I remember this one time when I was speaking to someone who I had no reason to be friendly to. She was trying to screw me out of about $600. Every time I tried to explain why it would be good for her to pay me, she interrupted and discounted what I had to say. She totally undermined me. At one point I just shouted “EXCUSE ME, I WAS TALKING!” Shut her pie-hole right the fuck up. And I ended up getting my way. :slight_smile:

AHA! You seek out an interruptor for a partner in your life because of your father, and because deep down inside you crave being interrupted! Daddy?! Please approve! Interrupt me! How Freudian!

No, but seriously, my girlfriend does the same thing. At least she’s not as bad as her mom, who instead of actually conversing with others, just likes to make noises with her mouth while in a room full of people. Oh, what’s that? You were trying to say something? Sorry, she didn’t even notice; there’s more sounds coming out of her mouth.

Please don’t get the impression here that I don’t love the woman with all my heart.

Elective mutism is when a person (usually a child) can talk but chooses not to. I simply did not talk to people.

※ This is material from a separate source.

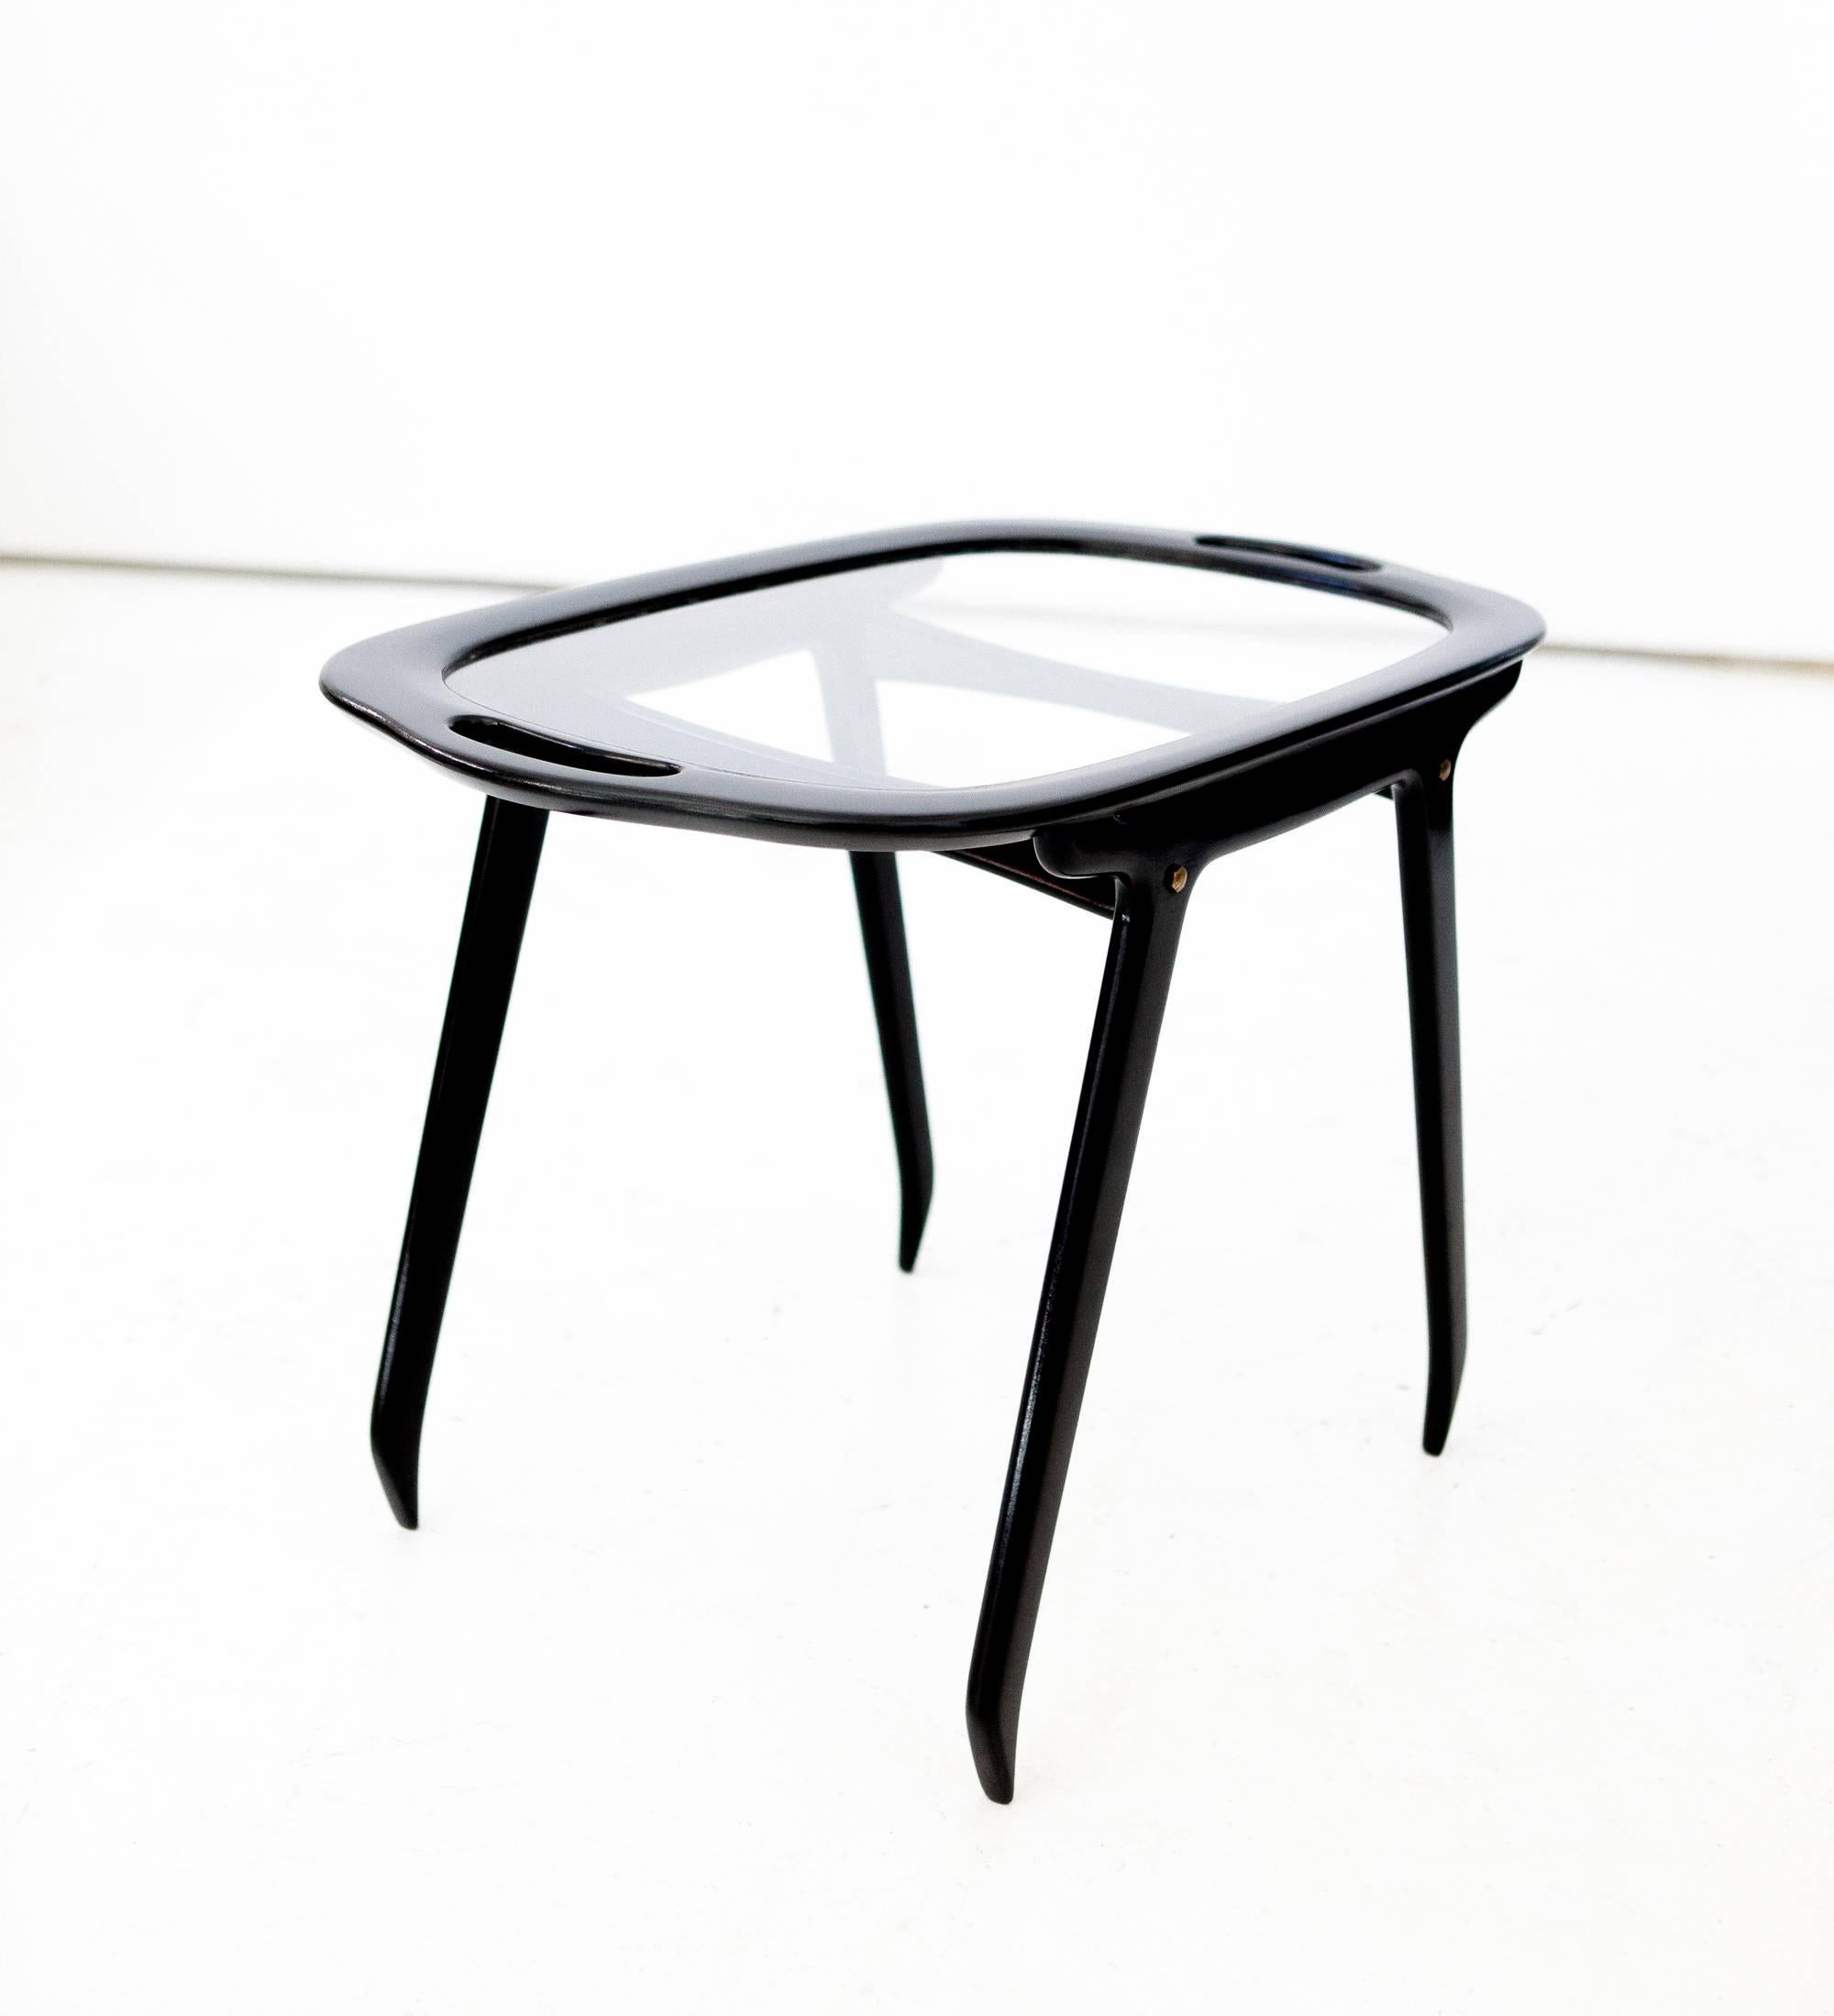 Italian Black Wood and Glass Coffee or Service Table by Cesare Lacca, 1950s (Italienisch)

It’s a sign of a person trying desperately to control some aspect of their life, and often consider the sign of a severly abused child. A person can make a child do a lot of things, but talking isn’t one of them.

A search on wiki for “elective mutism” brings up “selective mutuism” with a claim thaqt the person cannot talk. That is wrong–they are two different conditions. Most electively mute people can talk, and when they do choose to talk, speak normally.

People do go crazy when someone refuses to talk to them. If I’m doing it and I have to speak to the person, I use very clipped speech and few words; i.e. worst.post.ever.

Torey Hayden is an expert on the condition, and has written several books about her working with chldren who are elective mutes.

knock knock

who’s there?

interrupting fetus

aren’t you going to say interrupting fetus who?

no. I’ve heard interrupting cow, and I shudder to think what interrupting fetus might be.

Best response I’ve seen to an interrupter and one I’ve used numerous times on my husband came from Monica on Friends. Simply point to your mouth say, “Lips moving, still talking.”
Stops him dead every time.

krak fssssssssshhhhhhhhh…

Depends on the situation. If you don’t mind offending the people you are with, just throw up your hands in defeat and look around in bewilderment, then walk away while they’re talking.